Agent Operations Retrospective (2/7) — 10 Million Tokens Wasted Daily in an AI Cron Scheduler

A structural defect that loaded full LLM context for tasks that only needed bash


ํ•ต์‹ฌ ์š”์•ฝ

  • Structural defect pattern: the [SILENT] tag was interpreted as "suppress output" only — it never triggered an "skip LLM" execution path
  • Measurement and diagnosis of 6 bash-only jobs consuming ~196 ticks/day and ~10.1M tokens/day unnecessarily
  • After migrating to macOS launchd: ticks/day dropped 196→24, tokens/day dropped ~10.5M→0.4M — approximately 96% reduction
  • Core principle: LLM scheduler design must start with per-job LLM necessity classification → execution path branching

What This Post Covers

This post documents a common token leak pattern that emerges when attaching a cron-style scheduler to an LLM agent. It covers: how to surface the problem through measurement when a tag-based filter fails to branch correctly; what module structure and plist templates to use when migrating bash-only jobs to an OS scheduler; and which missing upstream API parameter allows this leak to become structural.

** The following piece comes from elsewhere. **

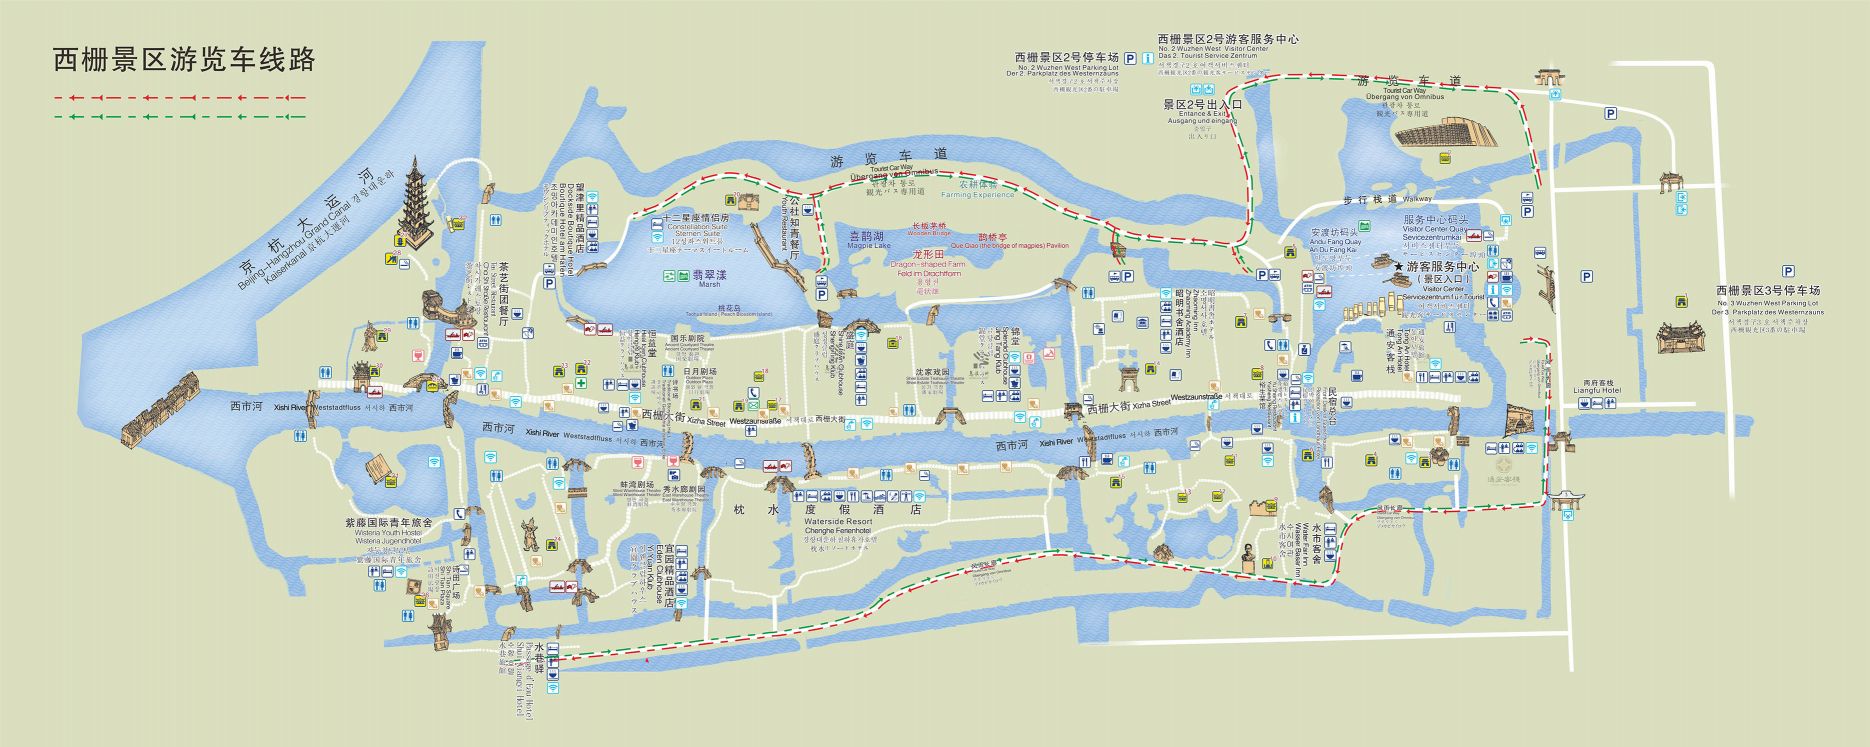 乌镇旅游地图(高清)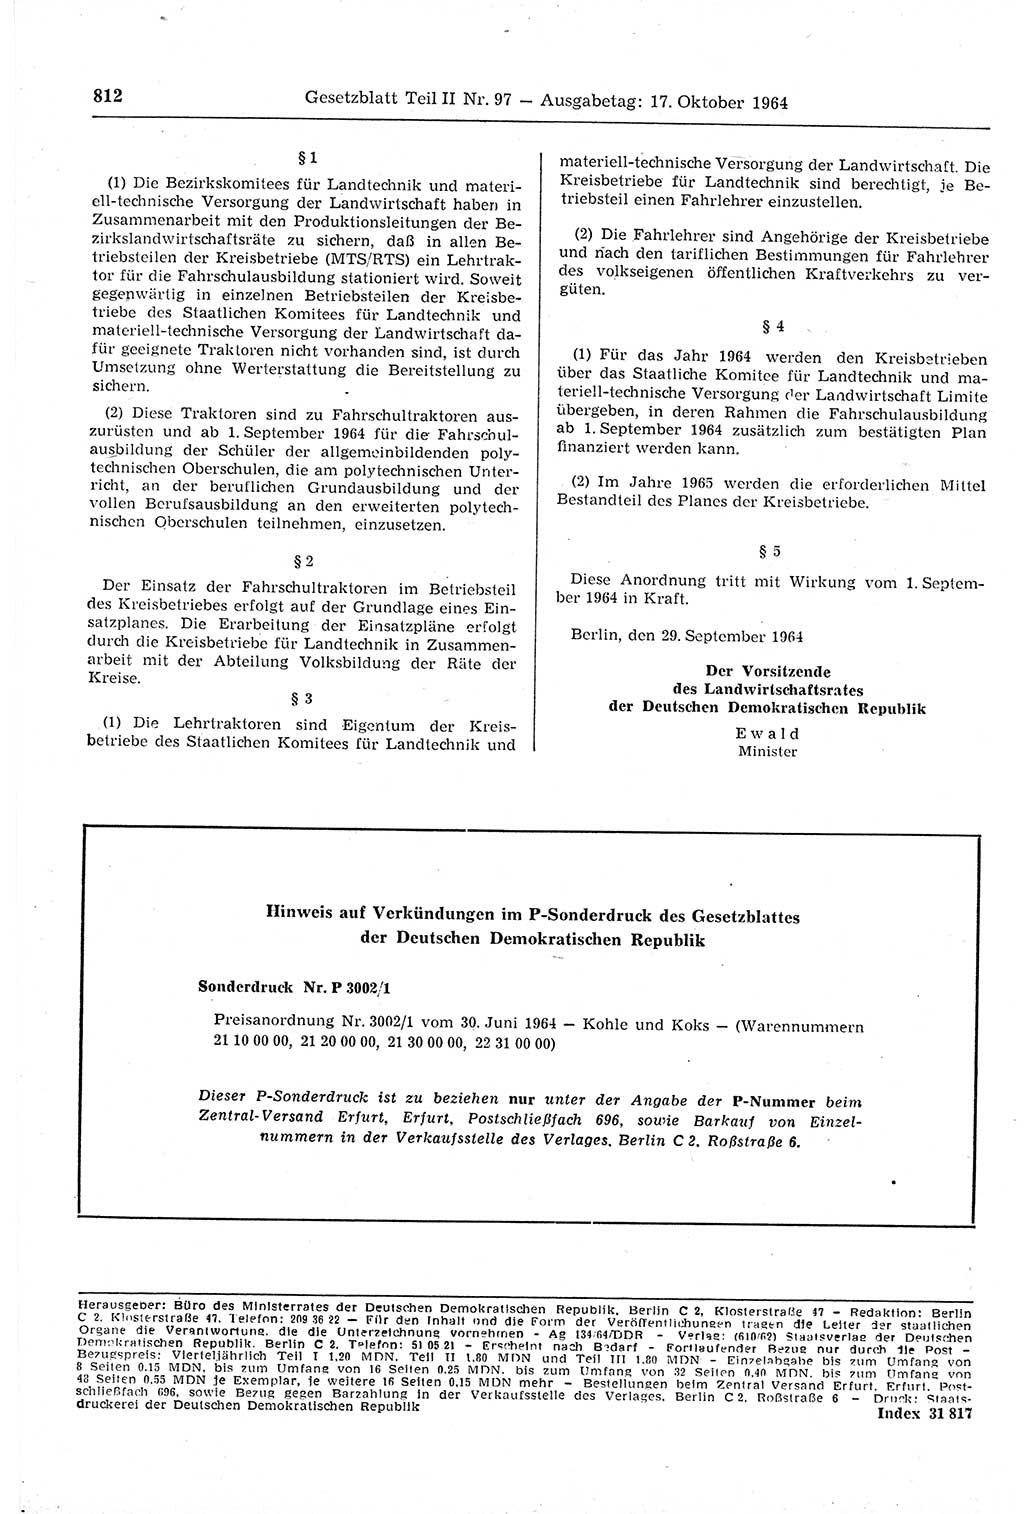 Gesetzblatt (GBl.) der Deutschen Demokratischen Republik (DDR) Teil ⅠⅠ 1964, Seite 812 (GBl. DDR ⅠⅠ 1964, S. 812)

The tone is diagnostic — measurable defects and remediation techniques, not a narrative account.


The Problem Pattern: "Intent Tagged, Path Ignored"

A job named memory-session-scan was running every 10 minutes in the AI scheduler. It was a pure bash task — scanning session files and writing records to SQLite — yet token costs were being logged on every execution.

This job involves no non-deterministic judgment. Token charges on a pure I/O task are a signal that the tag interpretation layer is not connected to actual execution branching.


Root Cause: Context Loading Hardcoded Into the Execution Path

The defect is concentrated at scheduler.py:742.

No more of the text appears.